- **DIRECTIONS FOR THIS TASK**
While you copy the lines below, skip the pictures and keep the rest exact.

- **DATA**
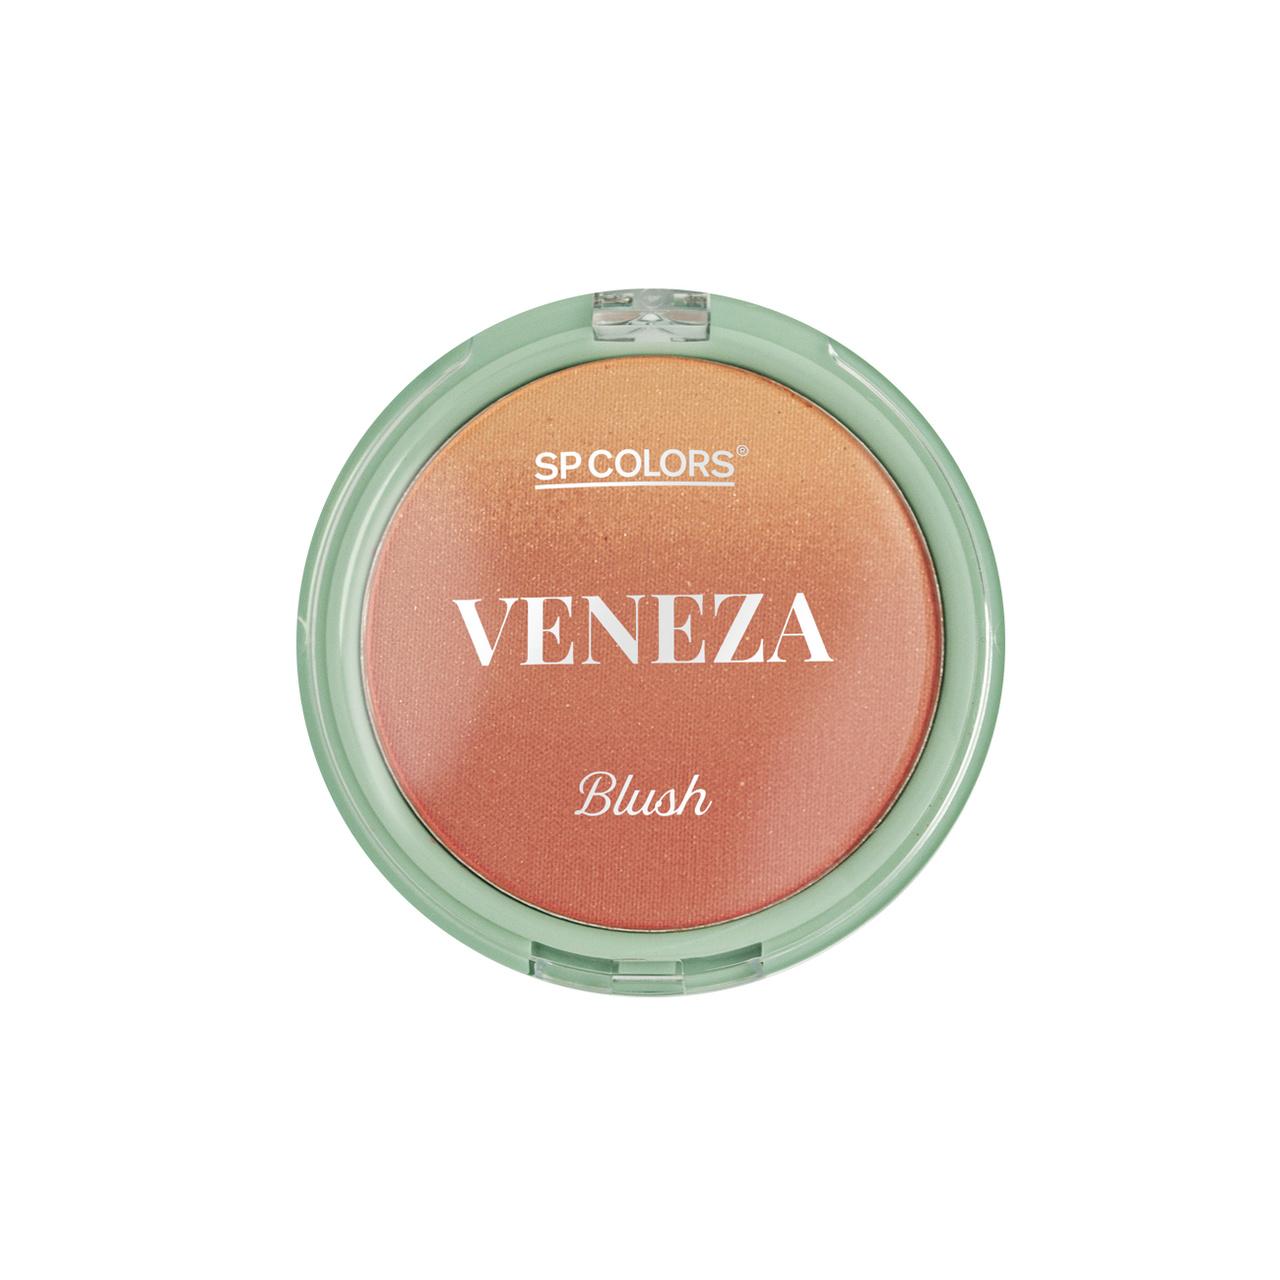 Blush Facial Veneza SP Colors
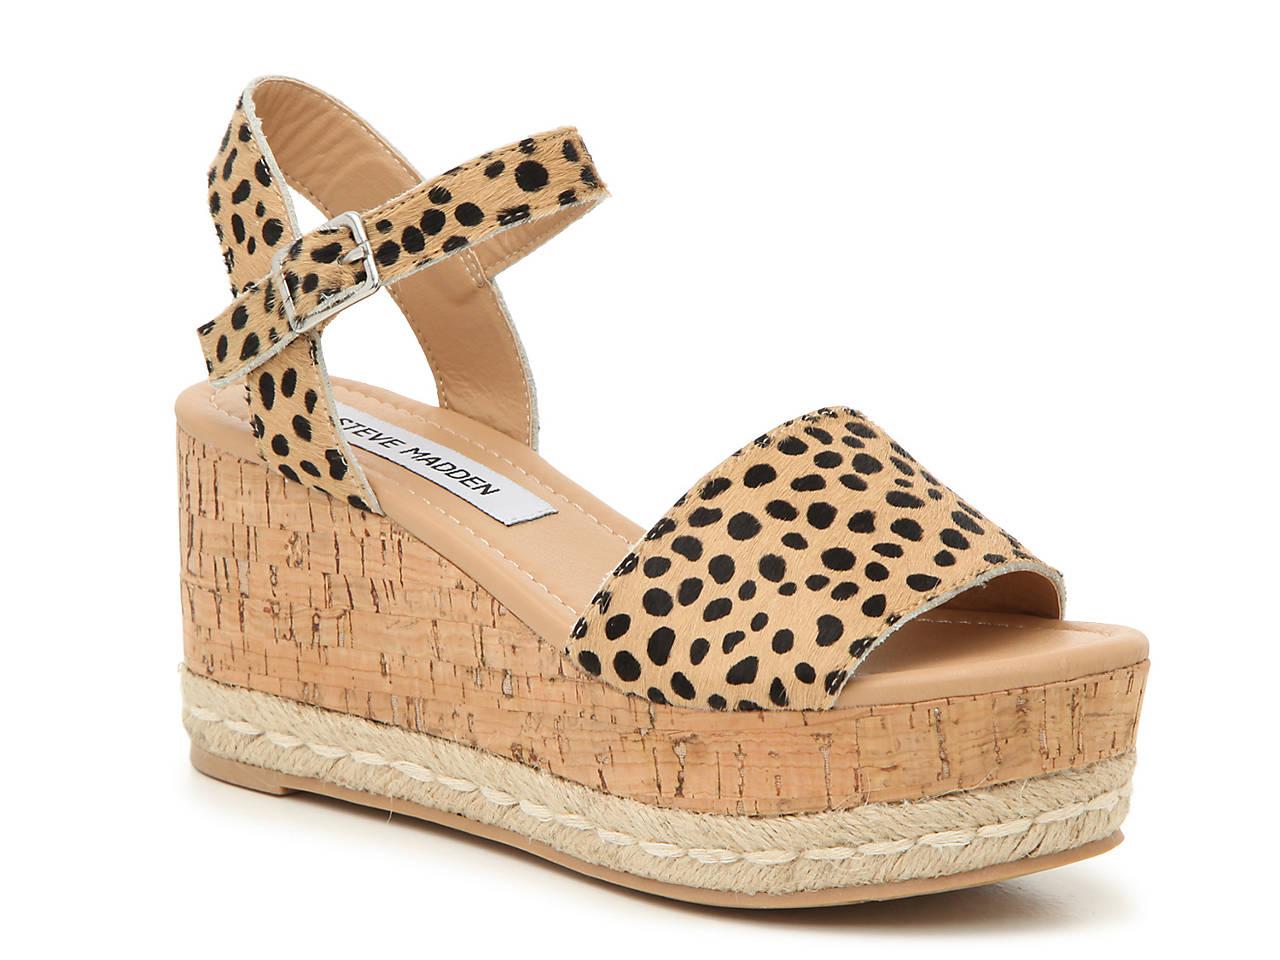 be4aef7b2194 Steve Madden Prima Espadrille Wedge Sandal Women s Shoes
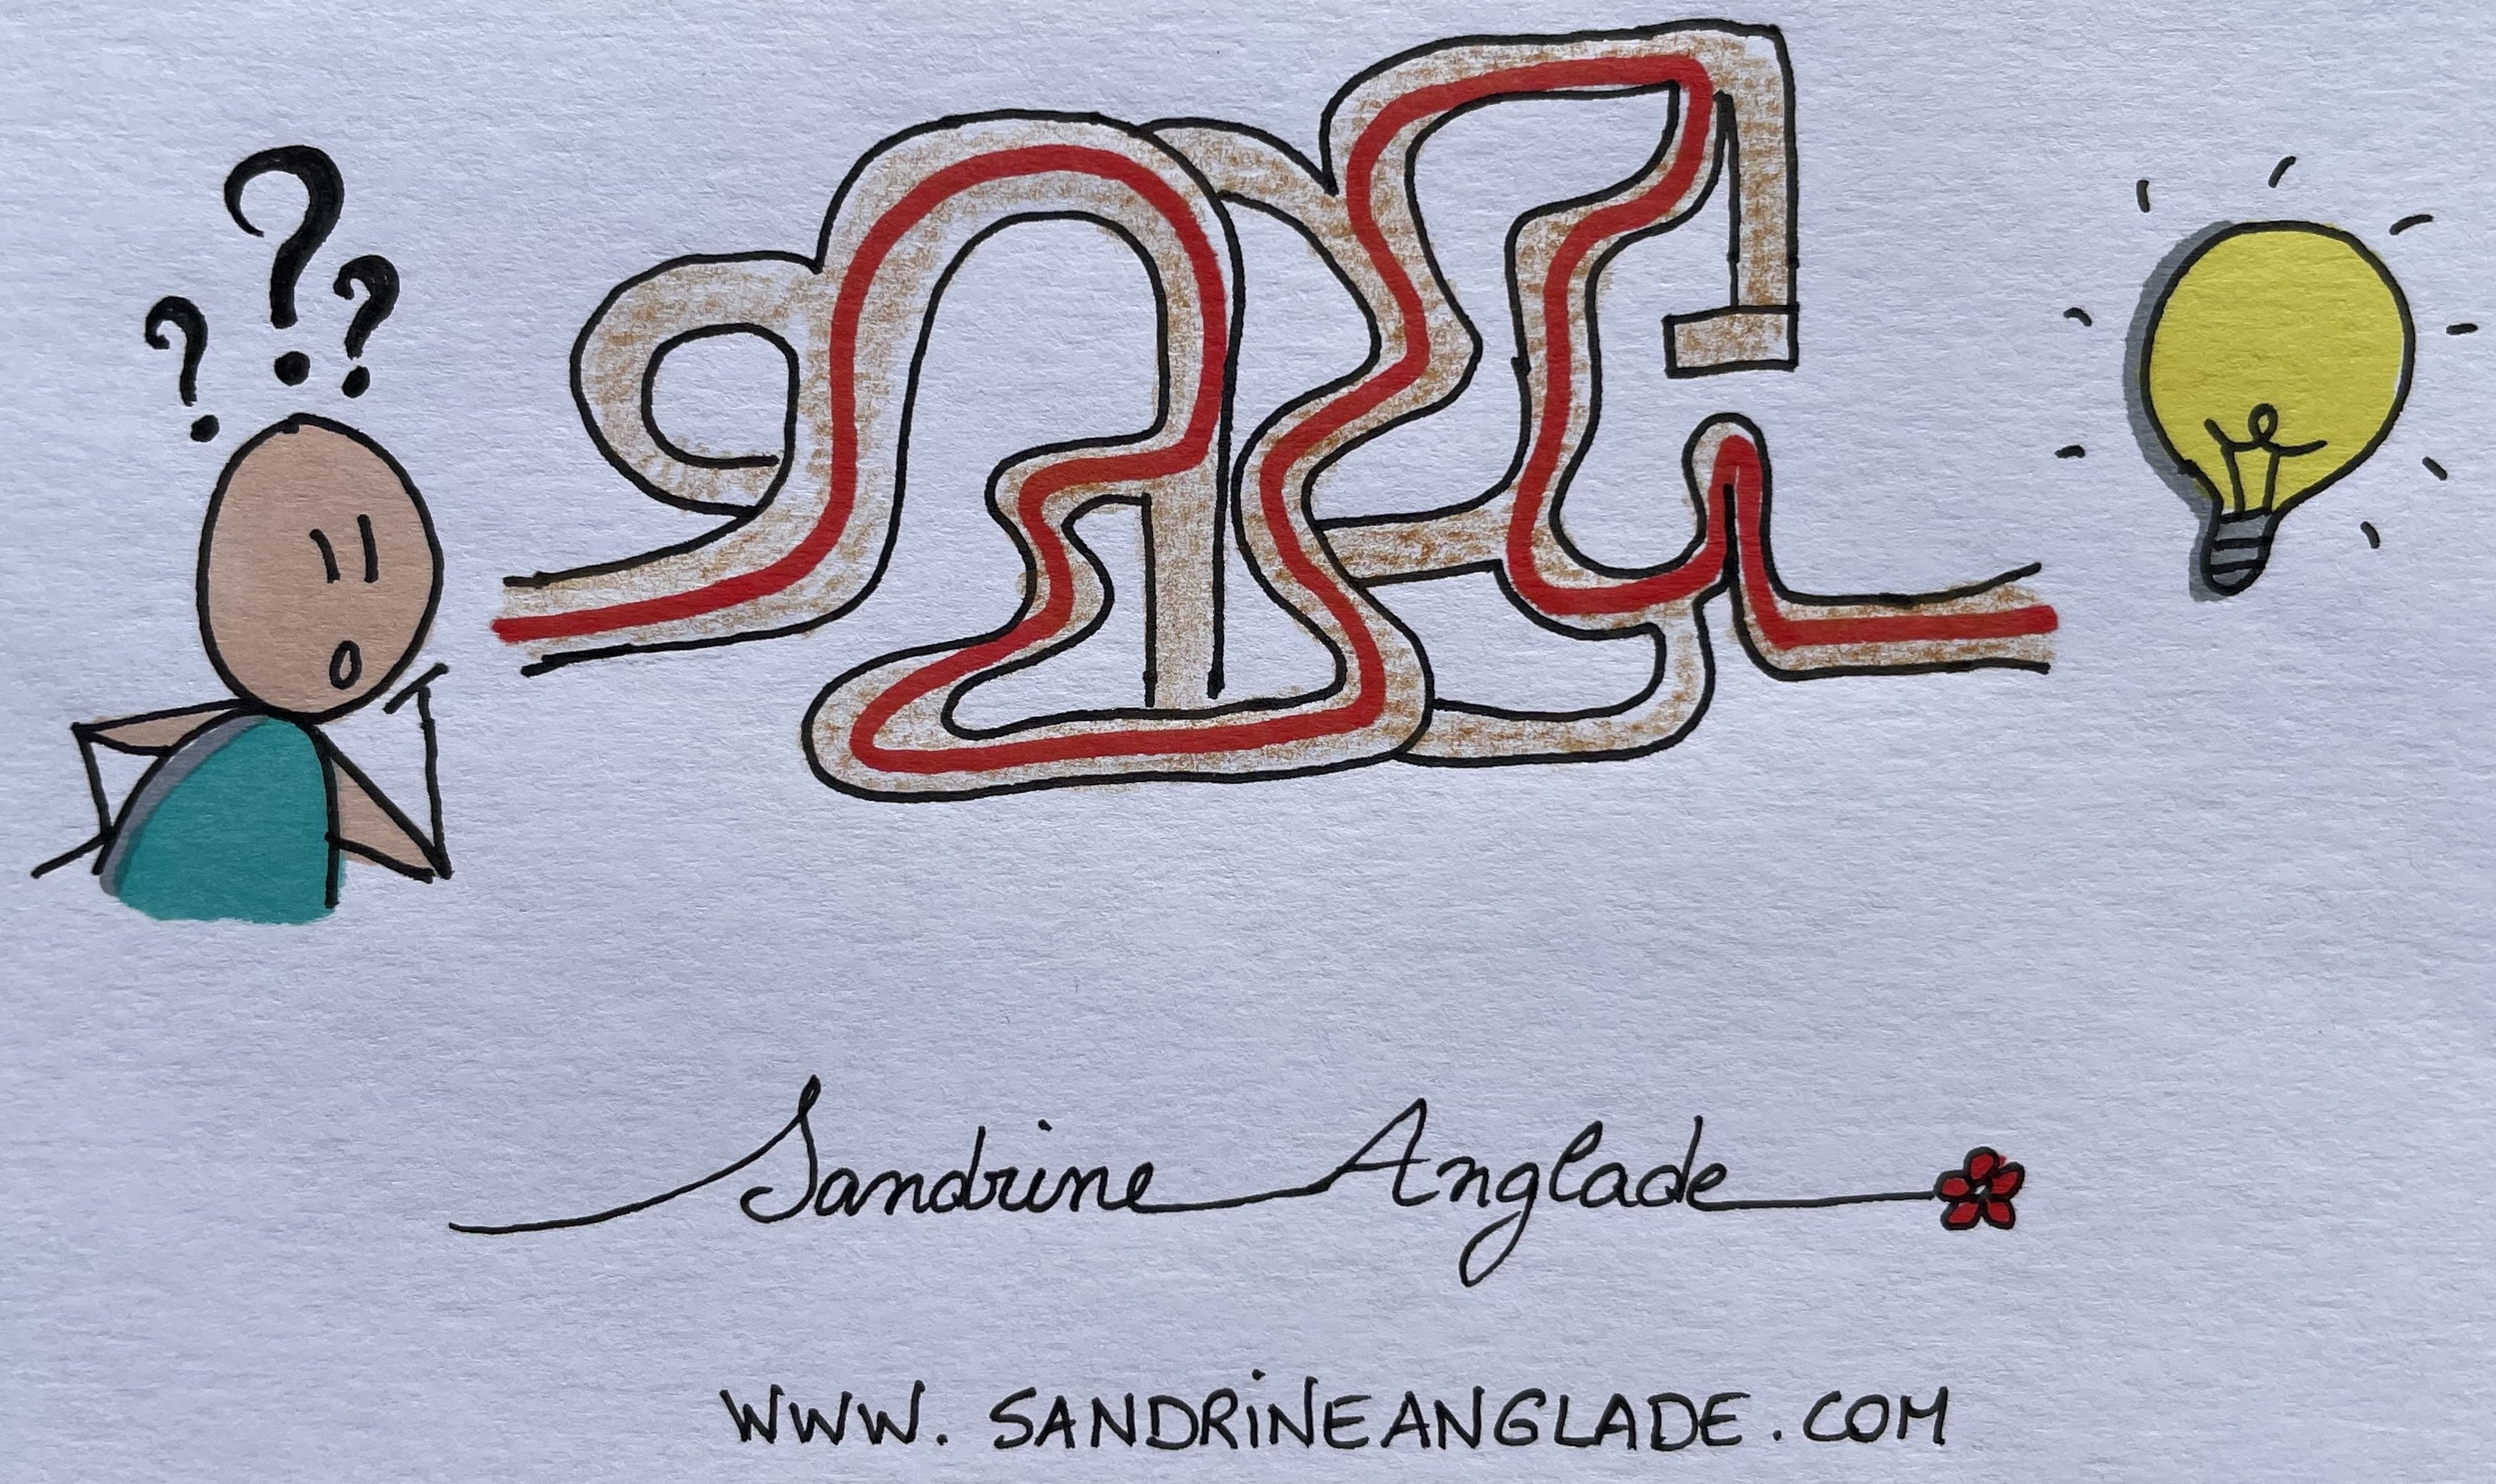 labyrinthe claudia eusebio sandrine anglade

- **YOUR SOLUTION**
 Blush Facial Veneza SP Colors
 be4aef7b2194 Steve Madden Prima Espadrille Wedge Sandal Women s Shoes
 labyrinthe claudia eusebio sandrine anglade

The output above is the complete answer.